### Data extract
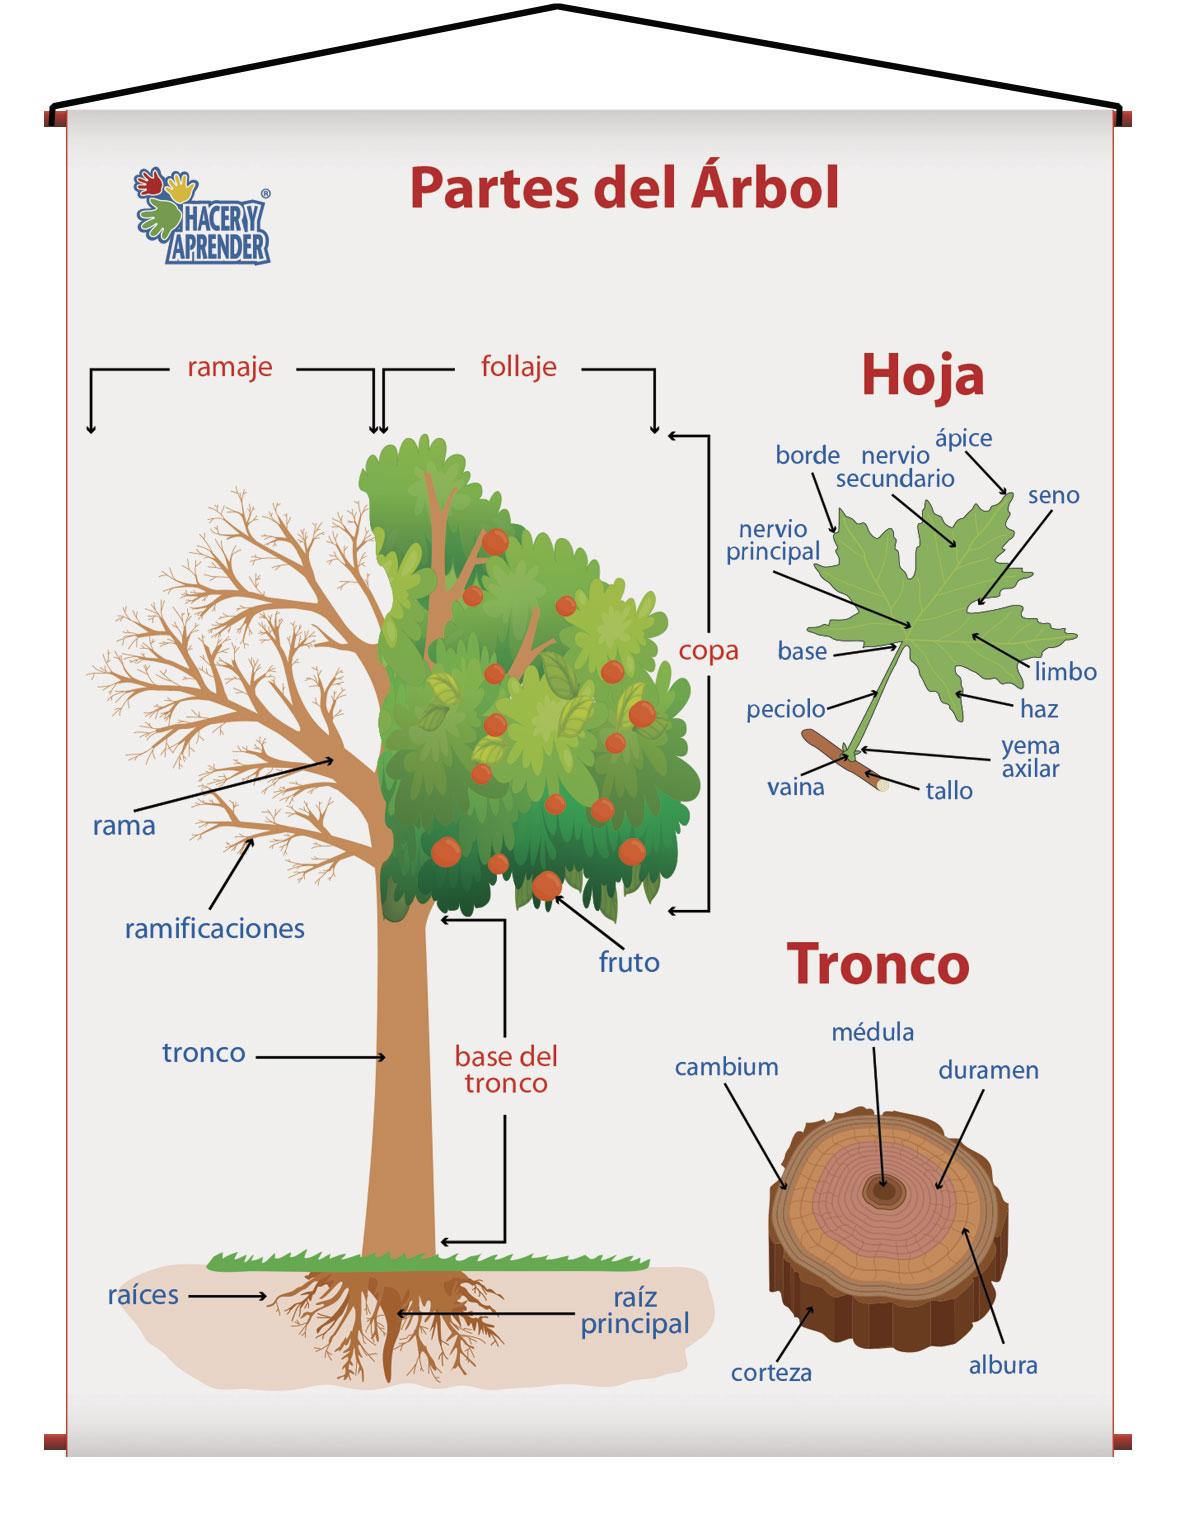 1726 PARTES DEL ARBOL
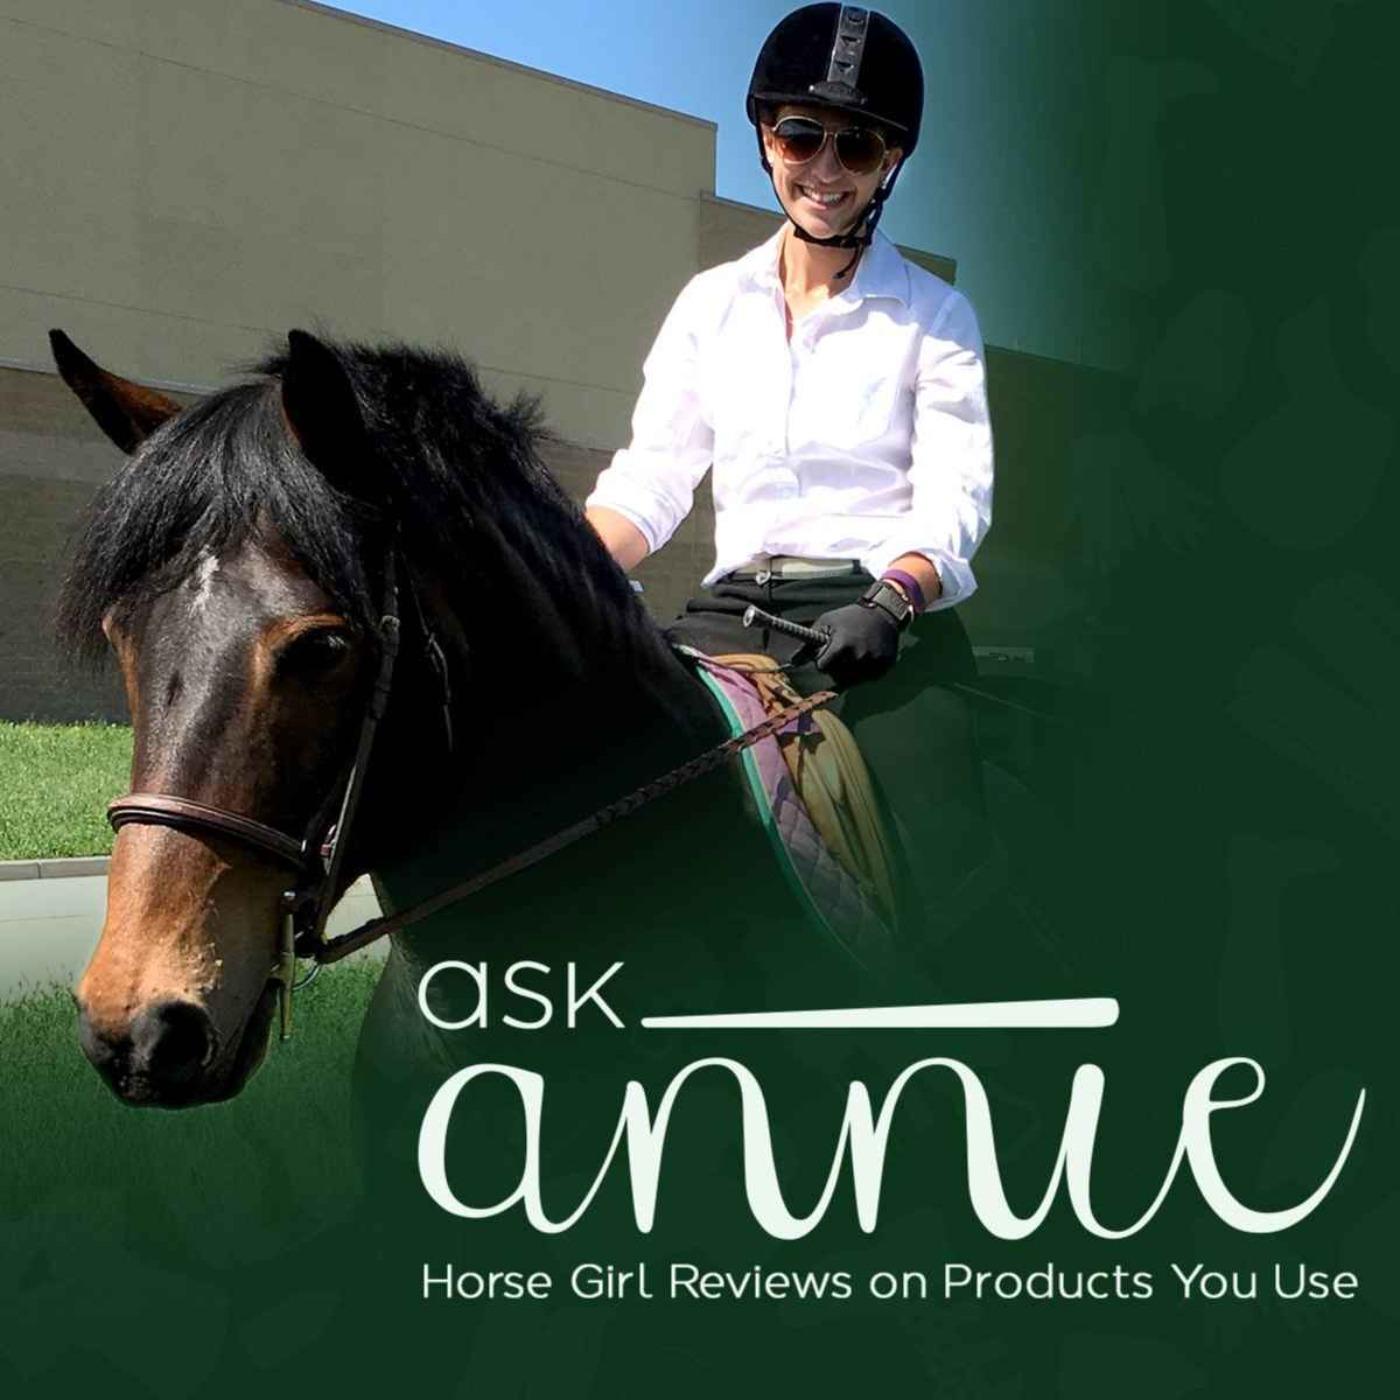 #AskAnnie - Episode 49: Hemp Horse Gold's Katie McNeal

==

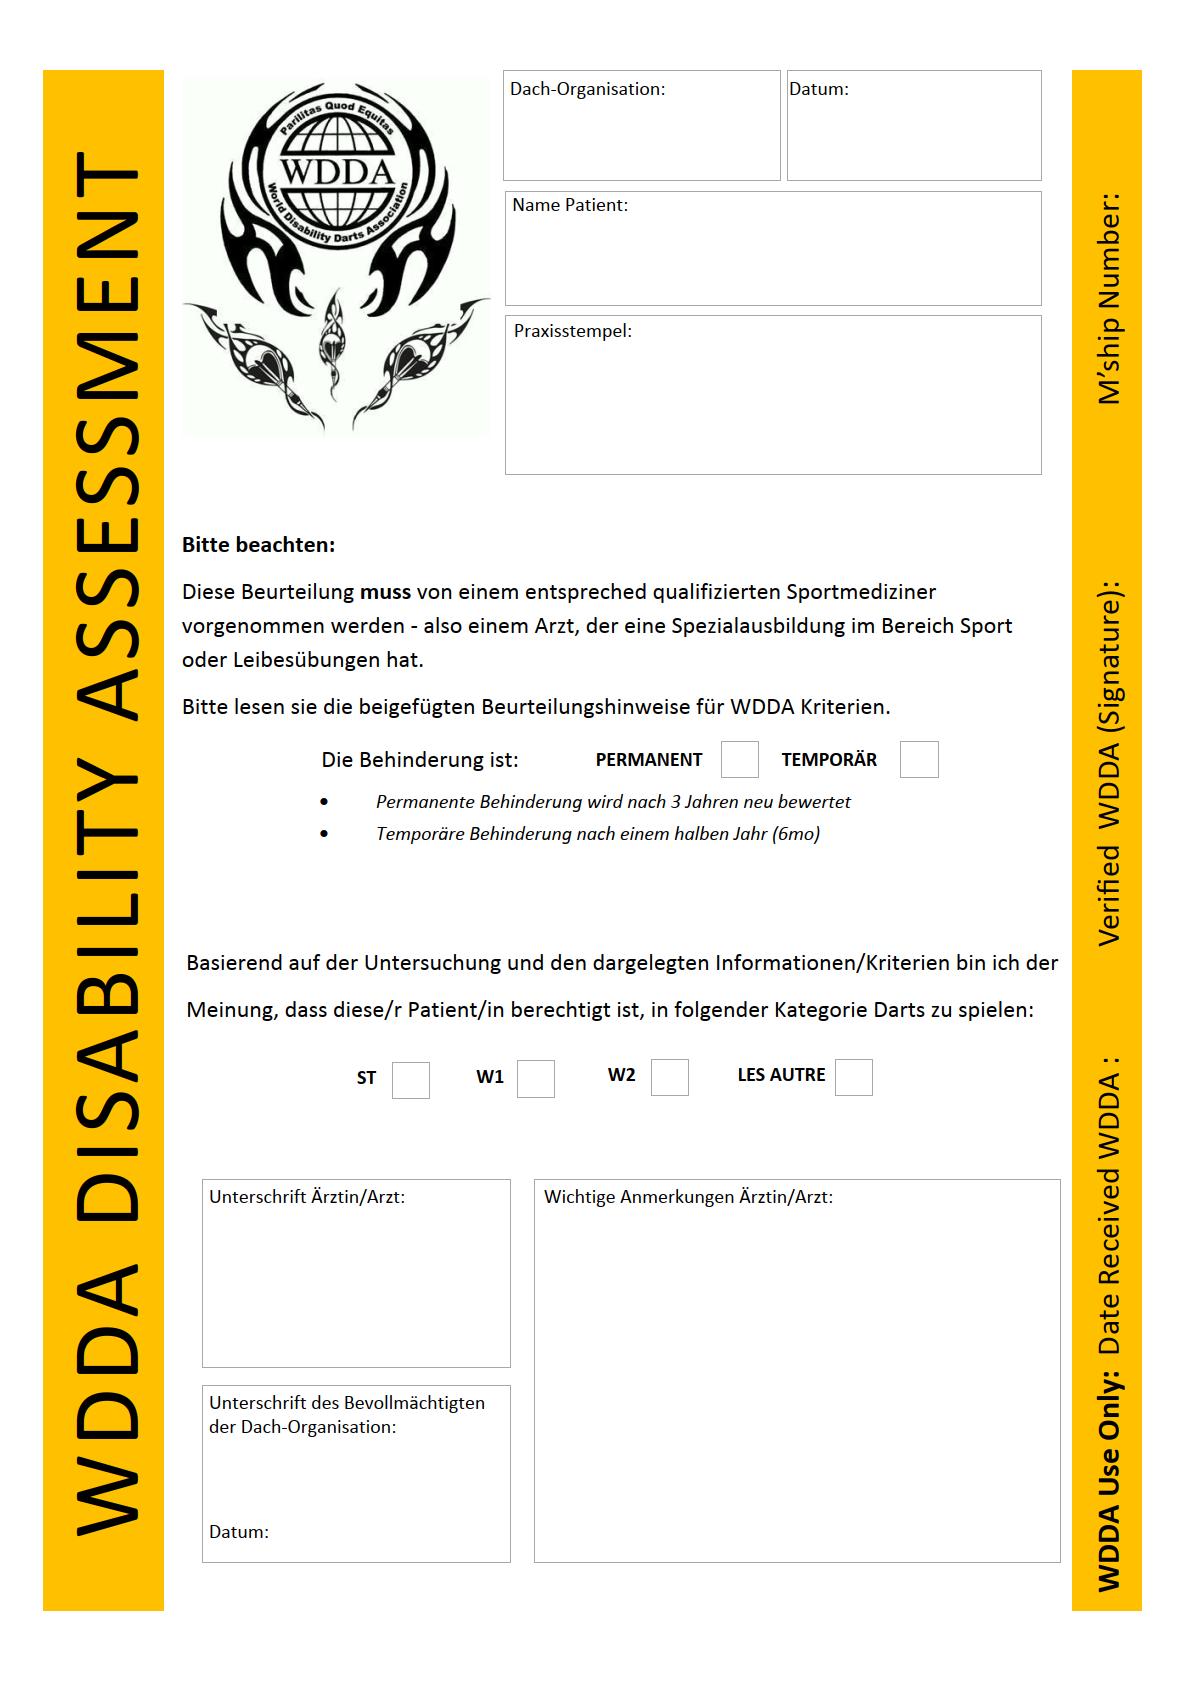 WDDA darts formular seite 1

### Your instructions
Take the material above from the line bearing "1726 PARTES DEL ARBOL" through the line bearing "#AskAnnie - Episode" and write it out exactly, both end lines included. Pictures stay out.

### Exercise response
 1726 PARTES DEL ARBOL
 #AskAnnie - Episode 49: Hemp Horse Gold's Katie McNeal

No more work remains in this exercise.